Final answer:
To rewrite the difference as one expression, we need to find a common denominator for the two fractions. The simplified expression is (13x - 2x^2)/(3(x - 2)(x - 5)).
Step-by-step explanation:
To rewrite the difference as one expression, we need to find a common denominator for the two fractions. The denominators are already factored, which is a good start. The first denominator is x2 - 7x + 10, which can be factored as (x - 2)(x - 5). The second denominator is 3x - 15, which can be factored as 3(x - 5).
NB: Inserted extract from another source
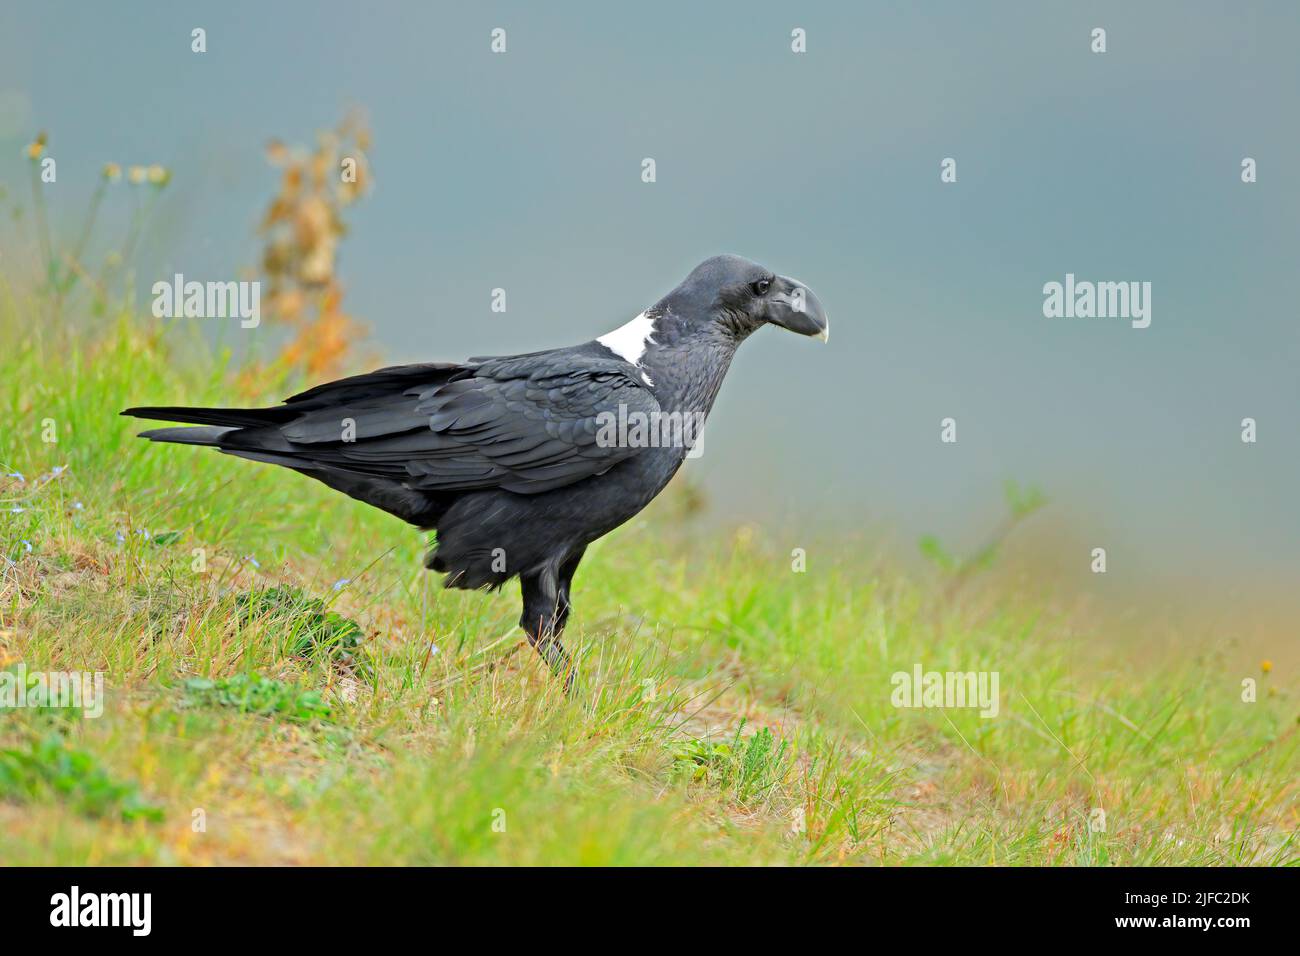 A white-necked raven (Corvus albicollis) sitting on green grass, South Africa Stock Photo

Now, we can rewrite the expression with a common denominator of (x - 2)(x - 5):
(3x)/[(x - 2)(x - 5)] - (2x)/[3(x - 5)]
Next, we multiply the first fraction by 3/3 and the second fraction by (x - 2)/(x - 2) to obtain a common denominator:
(9x)/[3(x - 2)(x - 5)] - (2x(x - 2))/[3(x - 2)(x - 5)]
Simplifying, we get:
(9x - 2x(x - 2))/[3(x - 2)(x - 5)]
Expanding the expression in the numerator, we get:
(9x - 2x^2 + 4x)/[3(x - 2)(x - 5)]
Combining like terms, we have:
(13x - 2x^2)/[3(x - 2)(x - 5)]
So, the simplified expression is (13x - 2x^2)/[3(x - 2)(x - 5)].